Recently, a study jointly conducted by ByteDance Research Institute and Tsinghua University raised questions about the physical understanding ability of current AI video generation models. Through carefully designed experiments, the research team found that these models, such as OpenAI's Sora, although visually impressive, did not really understand the basic physical laws, but instead relied on the color, size, and Learning and prioritizing surface features such as speed and shape. This study has triggered people's in-depth thinking about the reality of AI simulation, and also challenges AI models that boast about their physical understanding capabilities.
Recently, researchers from ByteDance Research Institute and Tsinghua University jointly released a new study, pointing out that the current AI video generation model, such as OpenAI's Sora, can create amazing visual effects, but understand basic physics. There are major flaws in terms of rules. This study has sparked extensive discussion of AI's ability to simulate reality.
The research team tested the AI video generation model and set up three different scenarios, namely prediction in known mode, prediction in unknown mode, and new combinations of familiar elements. Their goal is to see if these models actually learn the laws of physics, or if they rely solely on surface features in training.
Through testing, the researchers found that these AI models did not learn universally applicable rules. Instead, they rely primarily on surface features such as color, size, speed, and shape when generating videos, and follow a strict order of priority: color is preferred, followed by size, speed, and shape.
In familiar scenarios, these models perform almost perfectly, but once they encounter unknown situations, they appear powerless. A test in the study demonstrates the limitations of AI models when dealing with object movements. For example, when the model trains using fast moving spheres to move back and forth, while providing them with slow spheres during testing, the model actually shows that the sphere suddenly changes direction after a few frames. This phenomenon is also clearly reflected in the related videos.
Researchers point out that simply expanding the size of the model or increasing the training data does not solve the problem. Although larger models perform better under familiar patterns and combinations, they still fail to understand basic physical laws or handle scenarios beyond the scope of training. Research co-author Kang Bingyi mentioned: "If the data coverage is good enough in a specific scenario, it may be possible to form an overfitted world model." But this model does not meet the definition of a real world model, because the real world model should be able to Promote beyond training data.
Co-author Bingyi Kang demonstrated this limitation on X, explaining that when they trained the model with a fast-moving ball from left to right and backwards, then tested with a slow-moving ball, the model showed the ball in After only a few frames, the direction suddenly changed (you can see it in the 1 minute and 55 second video).

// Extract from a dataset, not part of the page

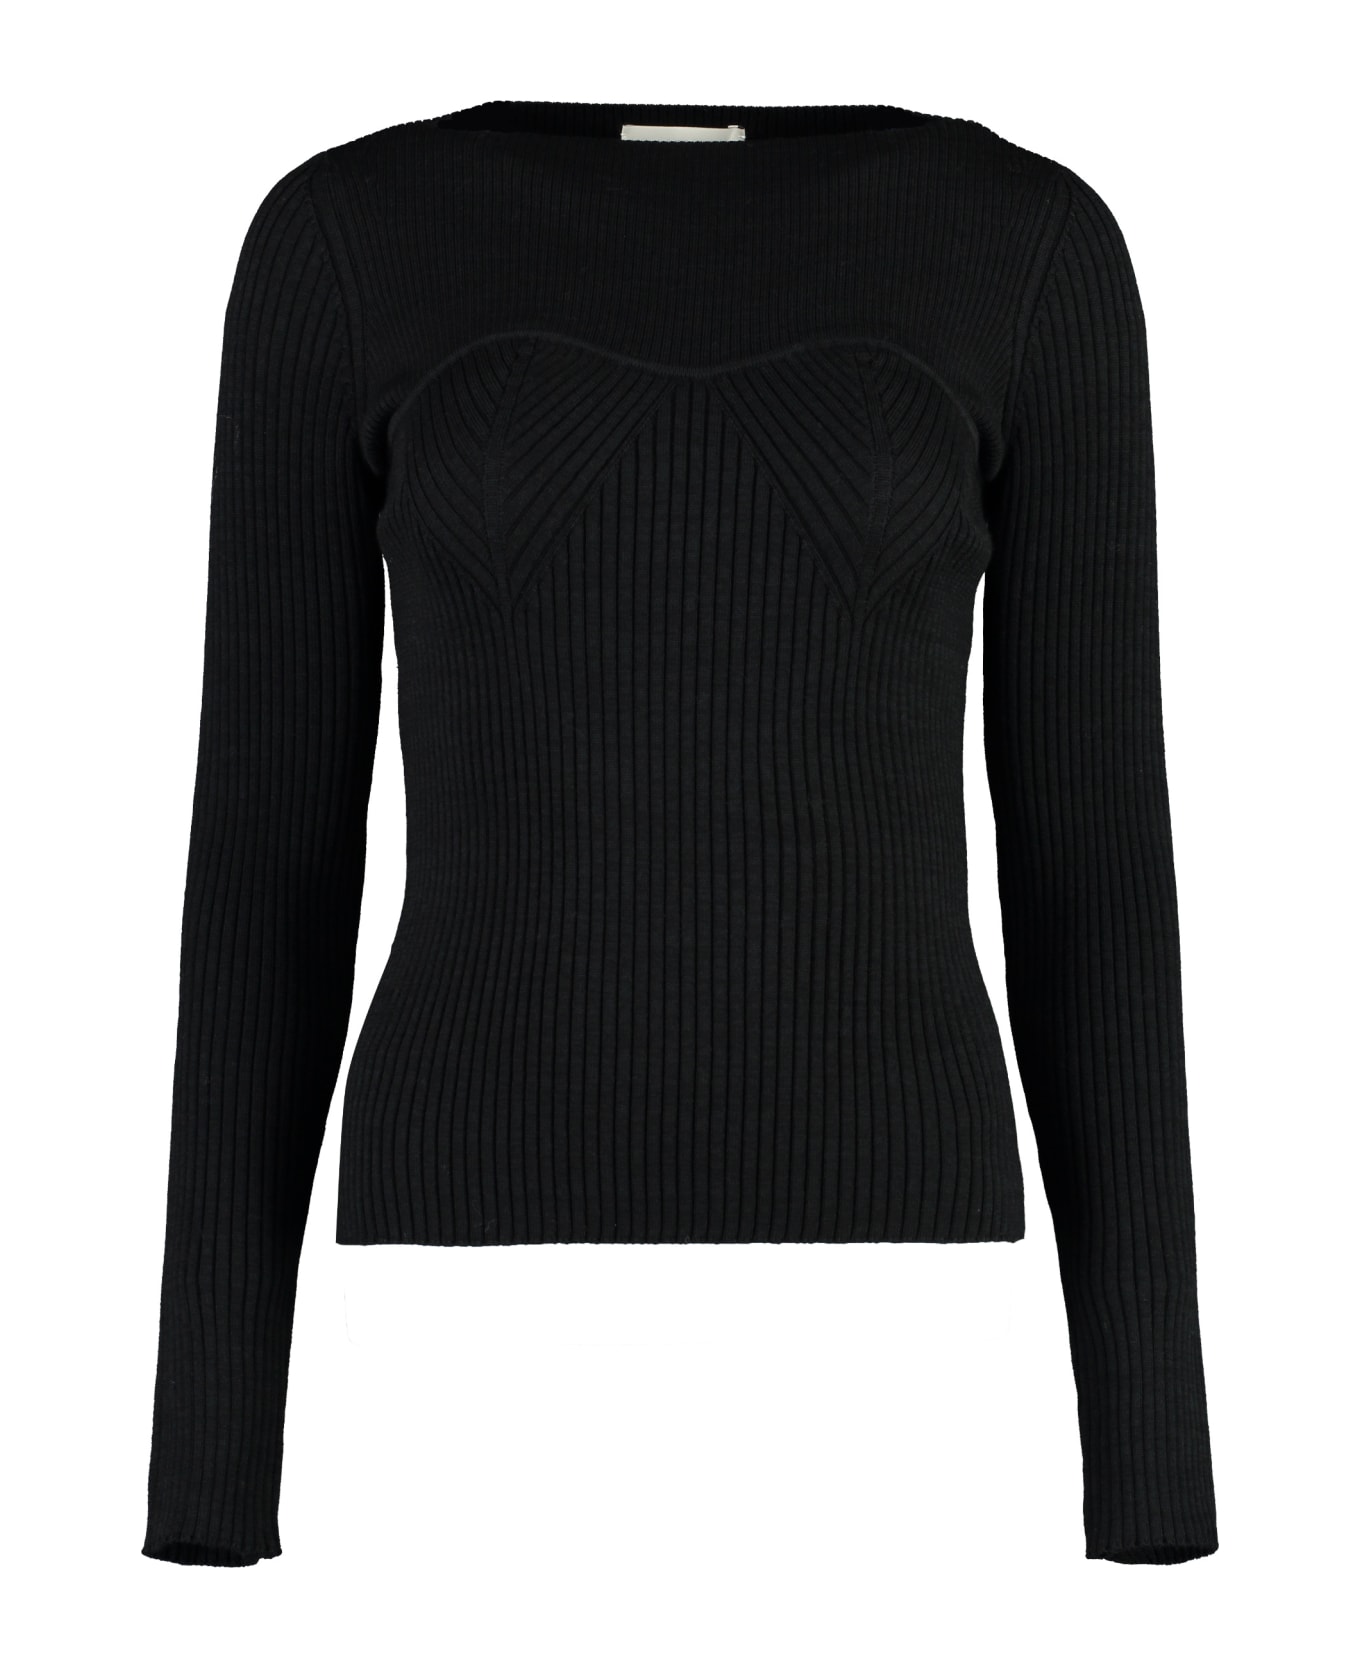 Isabel Marant Zilyae Merino Wool Sweater - black

The results of this study challenge OpenAI's Sora program. OpenAI has said that Sora is expected to develop into a true world model through continuous expansion, and even claims that it has a basic understanding of physical interaction and three-dimensional geometry. But researchers point out that simple scale expansion alone is not enough to allow video generation models to discover basic physical laws.
Yann LeCun, head of AI at Meta, also expressed doubts about this, believing that the practice of predicting the world by generating pixels is "a waste of time and doomed to fail." Despite this, many people are still looking forward to OpenAI's release of Sora as scheduled in mid-February 2024, demonstrating its video generation potential.
Key points:
The research found that AI video generation model has major flaws in understanding physical laws and relies on the surface characteristics of the training data.
Scaling the model size does not solve the problem, which are not performing well in unknown scenarios.
OpenAI's Sora program faces challenges, and scale-up alone cannot achieve a true world model.
In short, this study pointed out the direction for the development of AI video generation technology, that is, simple scale expansion cannot solve the fundamental problem of AI's understanding of physical laws. In the future, AI models need to learn and understand physical principles more deeply in order to truly achieve accurate simulation and prediction of the real world, rather than just staying at the stage of imitating surface features.